WHAT THE TASK REQUIRES - Write out the listing below character for character, though without its pictures.

SUPPLIED DATA -
***
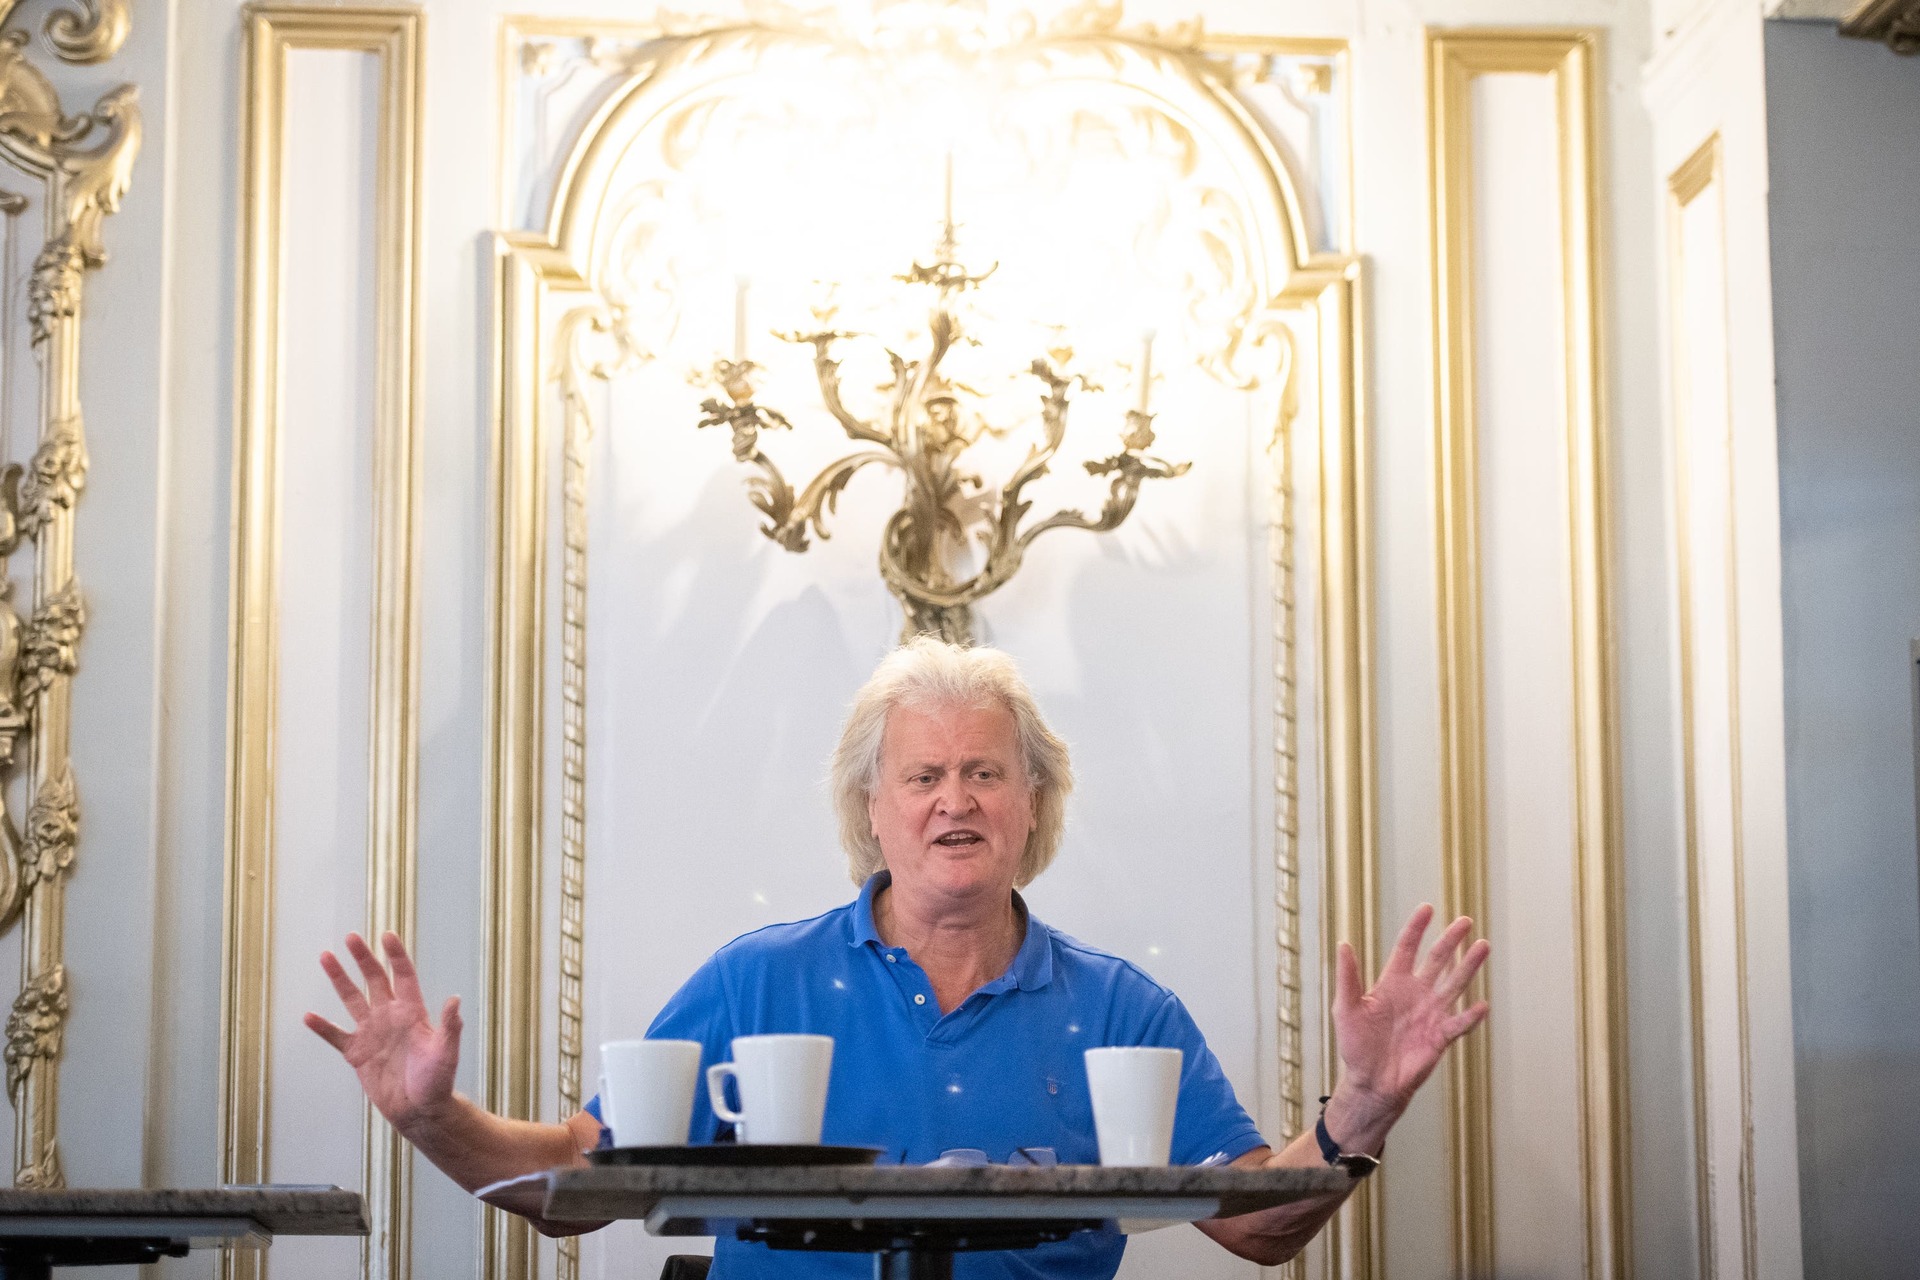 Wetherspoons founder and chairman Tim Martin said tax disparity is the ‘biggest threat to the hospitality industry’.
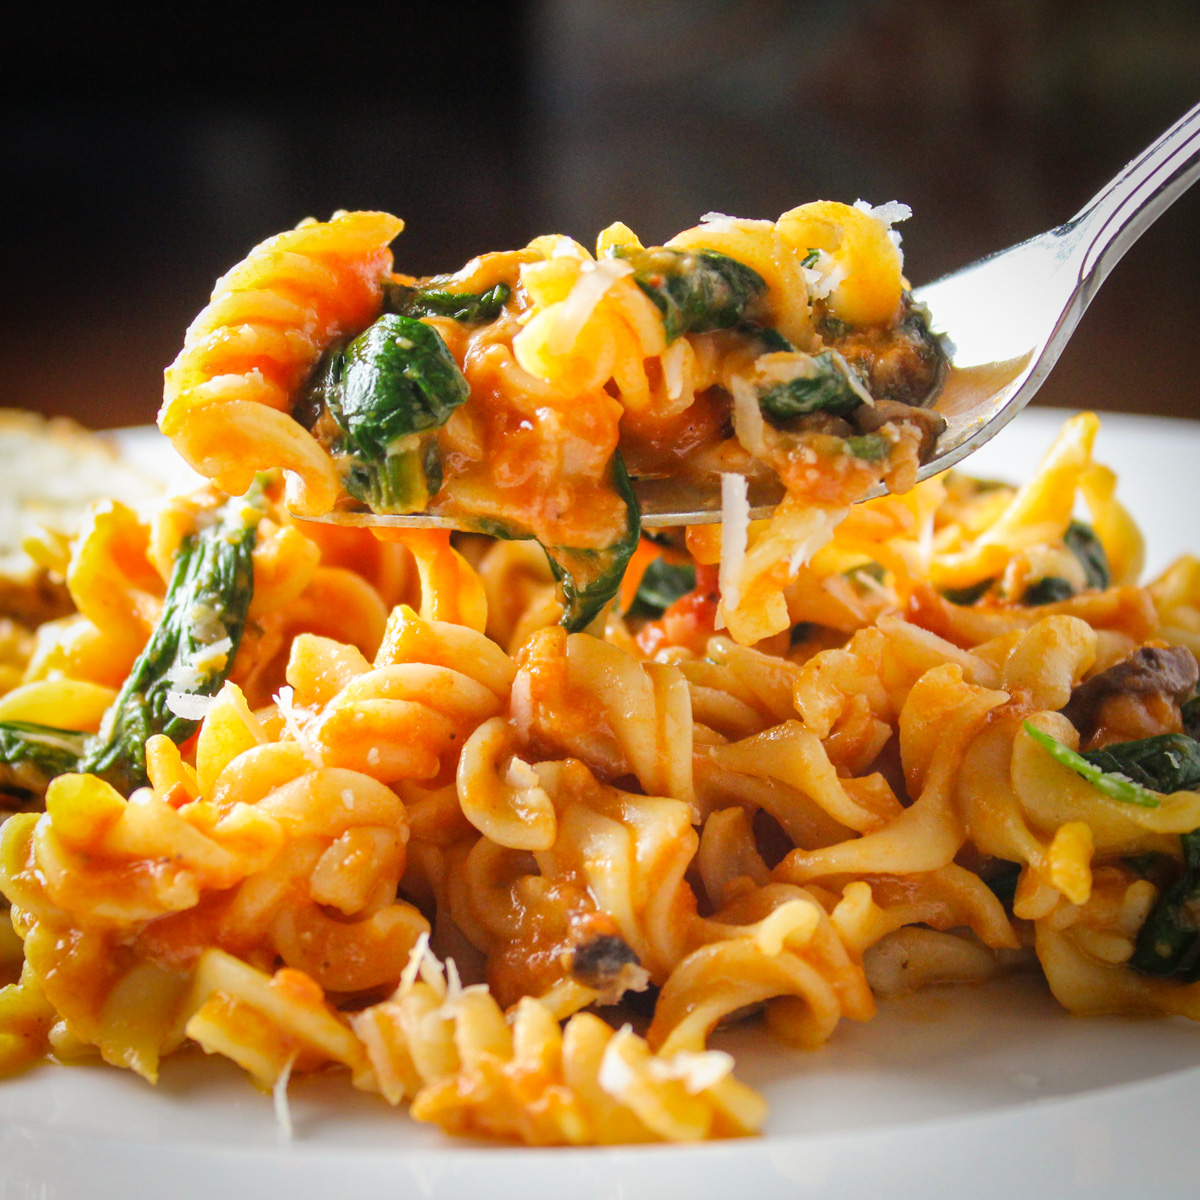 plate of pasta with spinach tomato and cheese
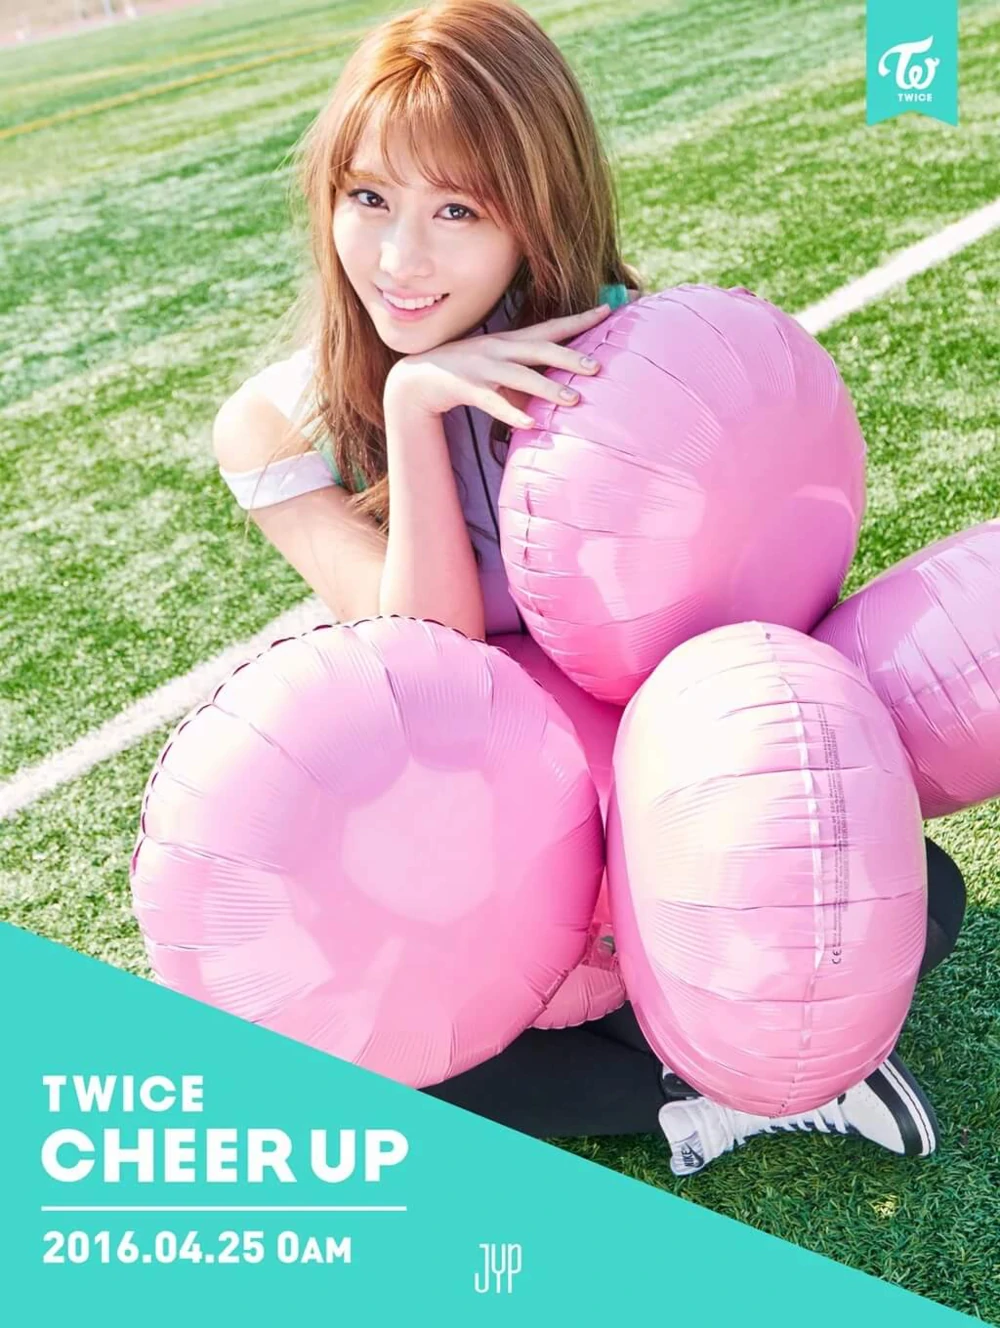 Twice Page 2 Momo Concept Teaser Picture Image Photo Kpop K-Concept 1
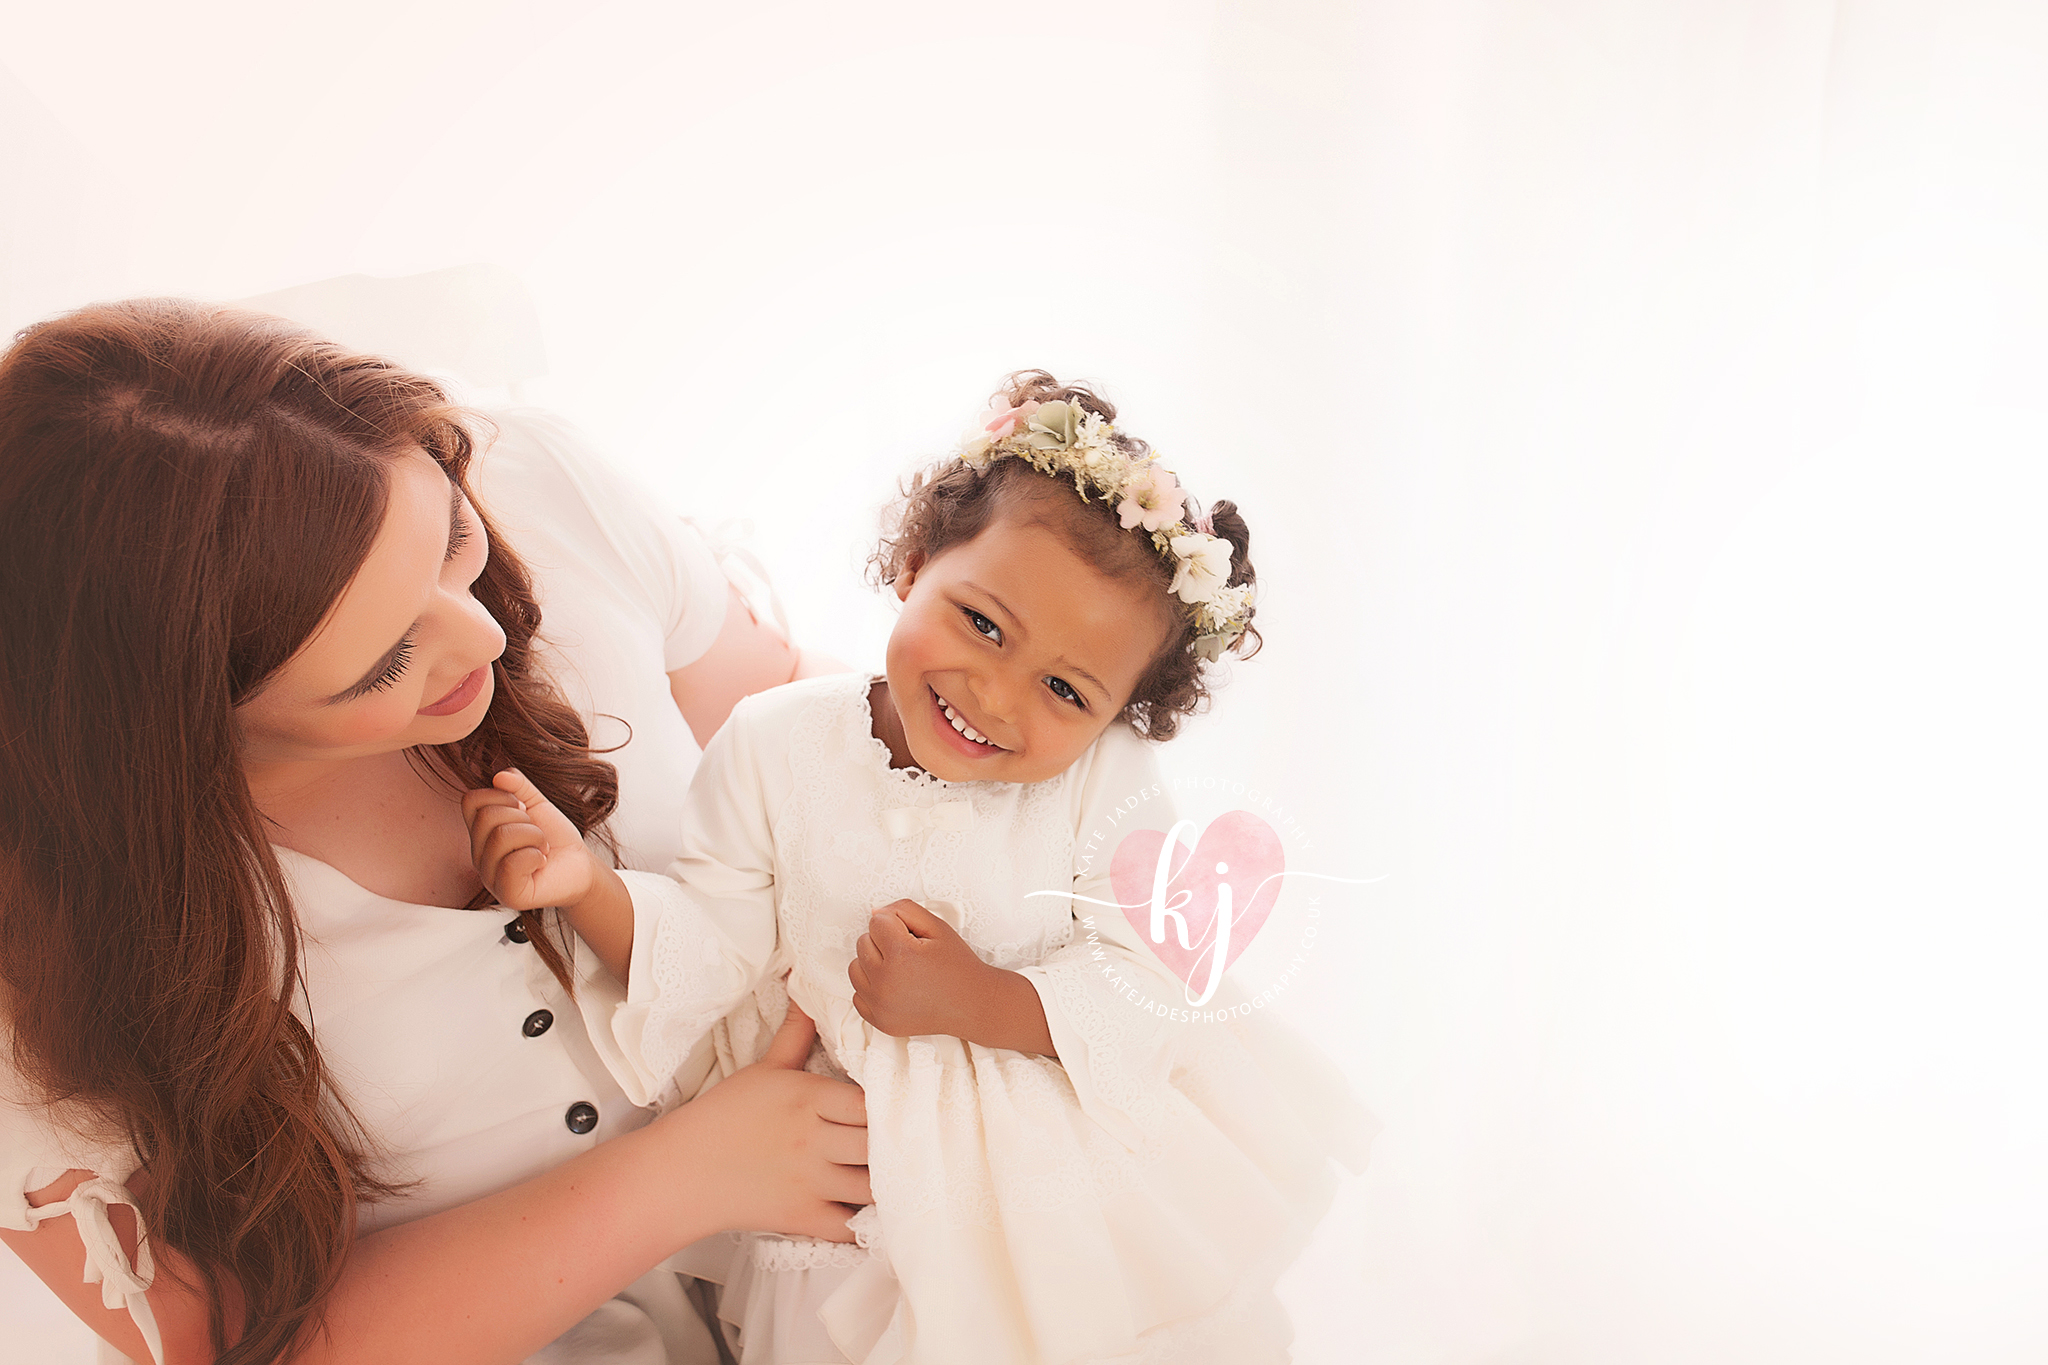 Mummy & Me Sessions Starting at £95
***
TASK RESULT -
 Wetherspoons founder and chairman Tim Martin said tax disparity is the ‘biggest threat to the hospitality industry’.
 plate of pasta with spinach tomato and cheese
 Twice Page 2 Momo Concept Teaser Picture Image Photo Kpop K-Concept 1
 Mummy & Me Sessions Starting at £95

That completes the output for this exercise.